» **Task objective**: Your output consists solely of the lines from the one that contains "crowd-004.jpg" to the end of the material, each reproduced exactly; pictures do not belong in it.

» **Dataset excerpt**:
########################################
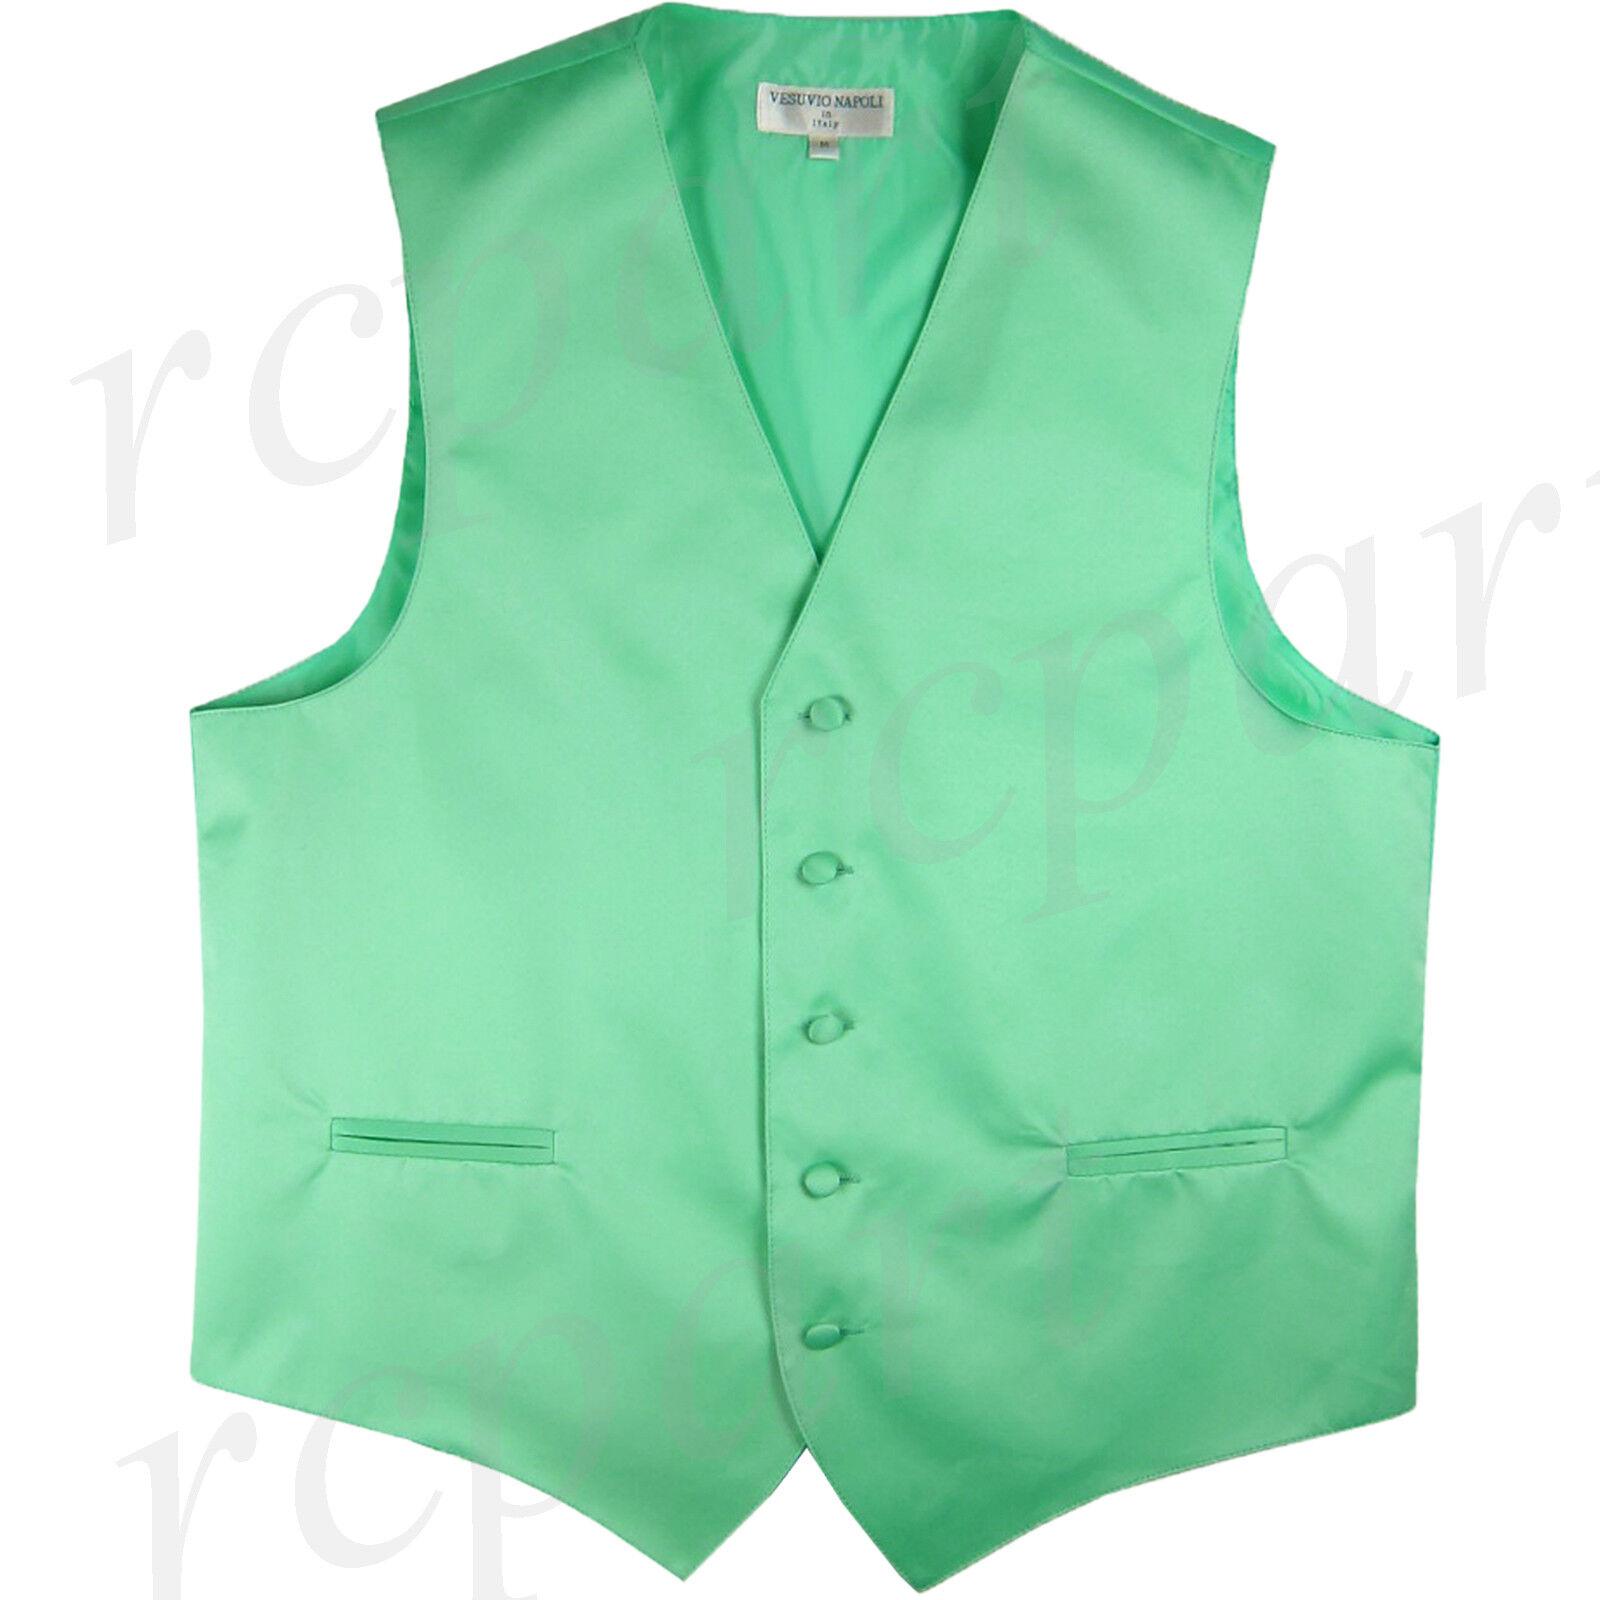 New Men's Vesuvio Napoli Tuxedo Vest Waistcoat only wedding Aqua green 5XL 6XL
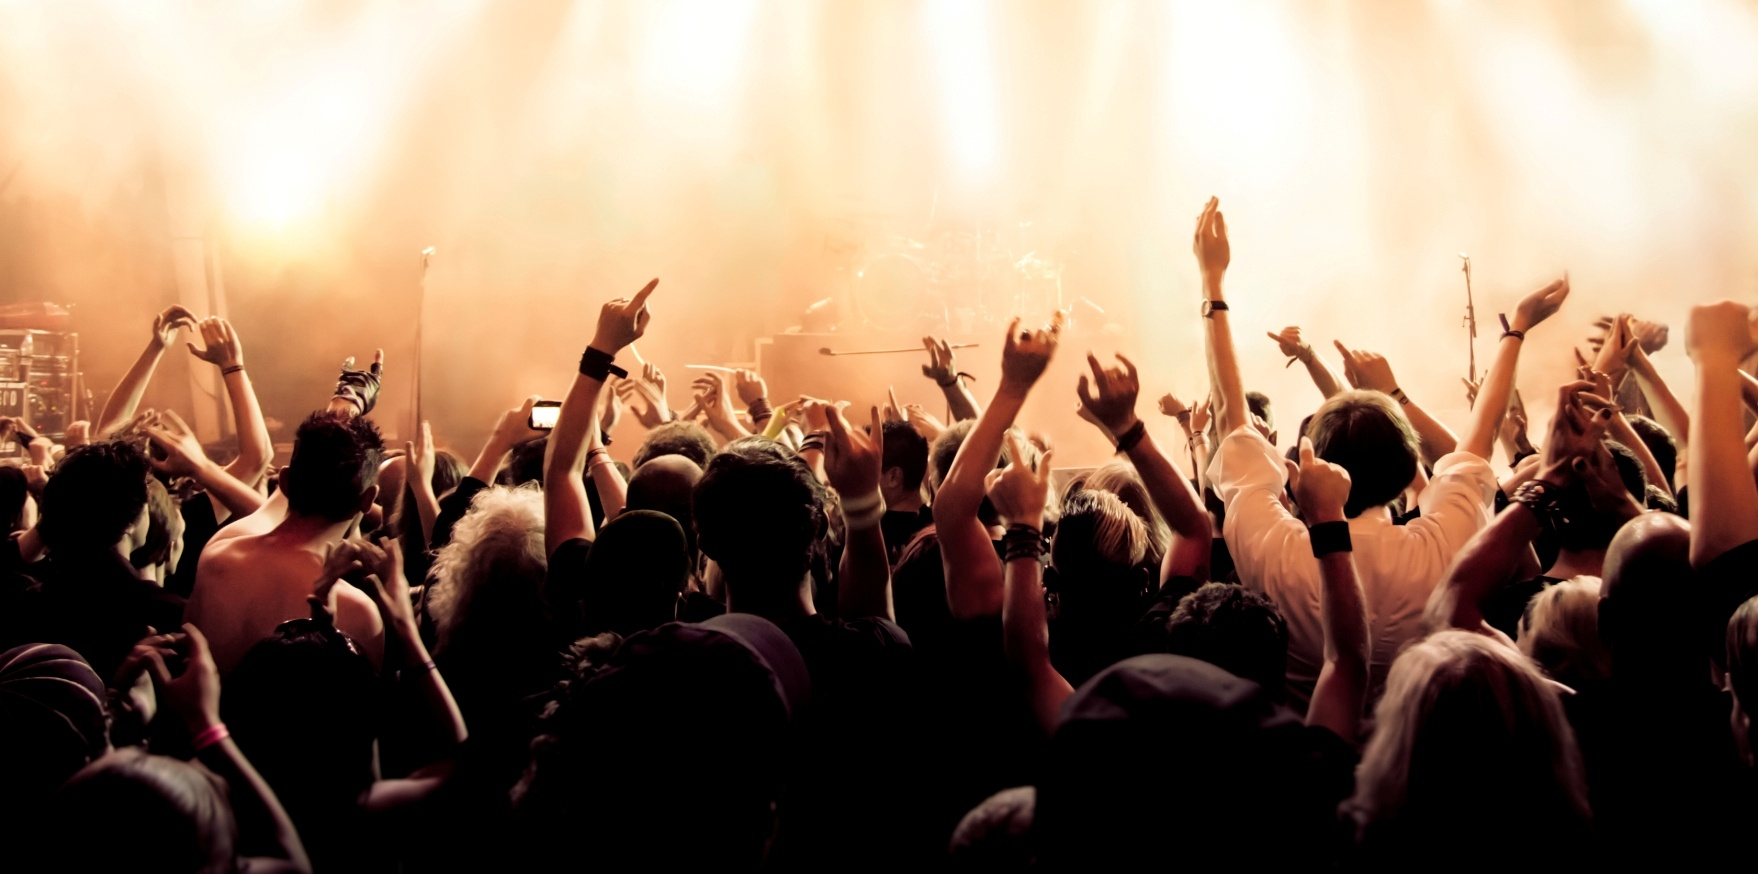 crowd-004.jpg
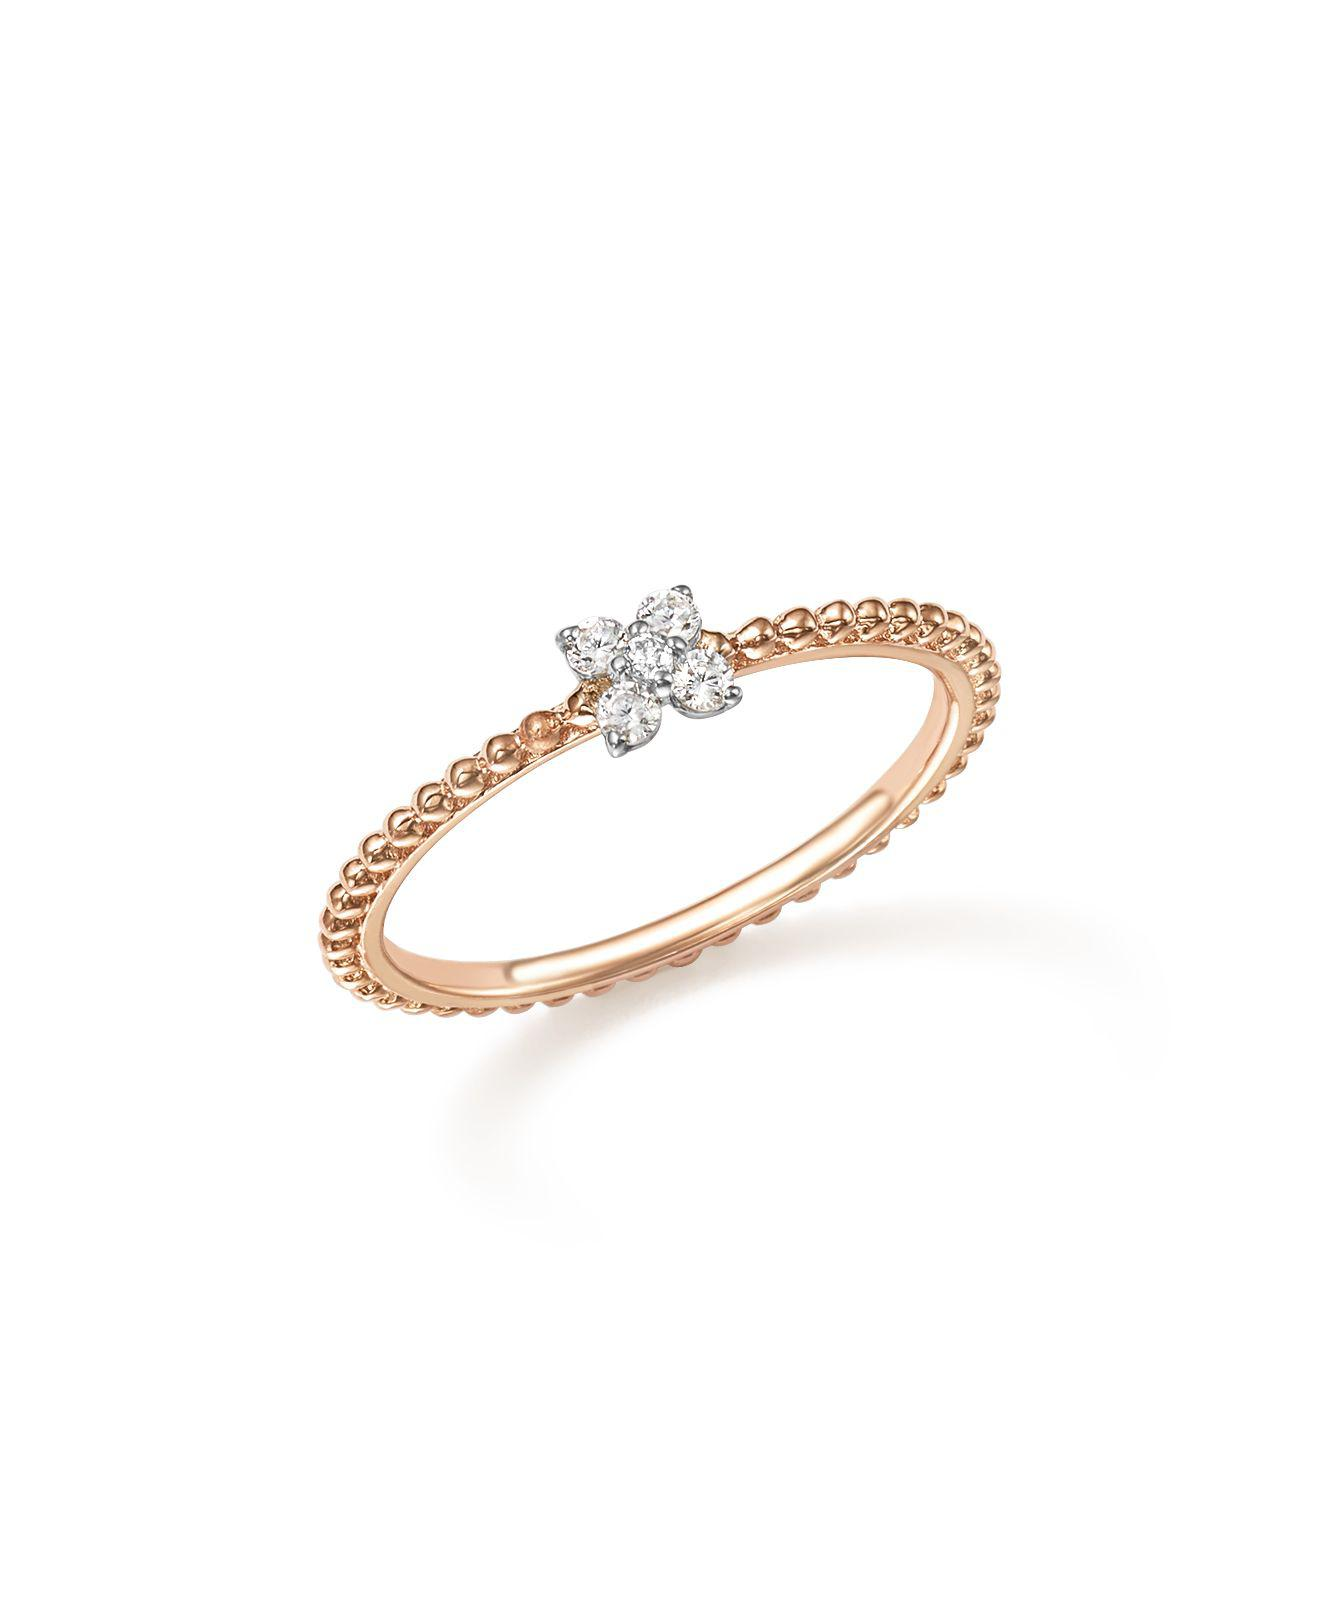 Lyst BloomingdaleS Diamond Cluster Beaded Ring In 14k Rose Gold
########################################
» **Exercise output**:
 crowd-004.jpg
 Lyst BloomingdaleS Diamond Cluster Beaded Ring In 14k Rose Gold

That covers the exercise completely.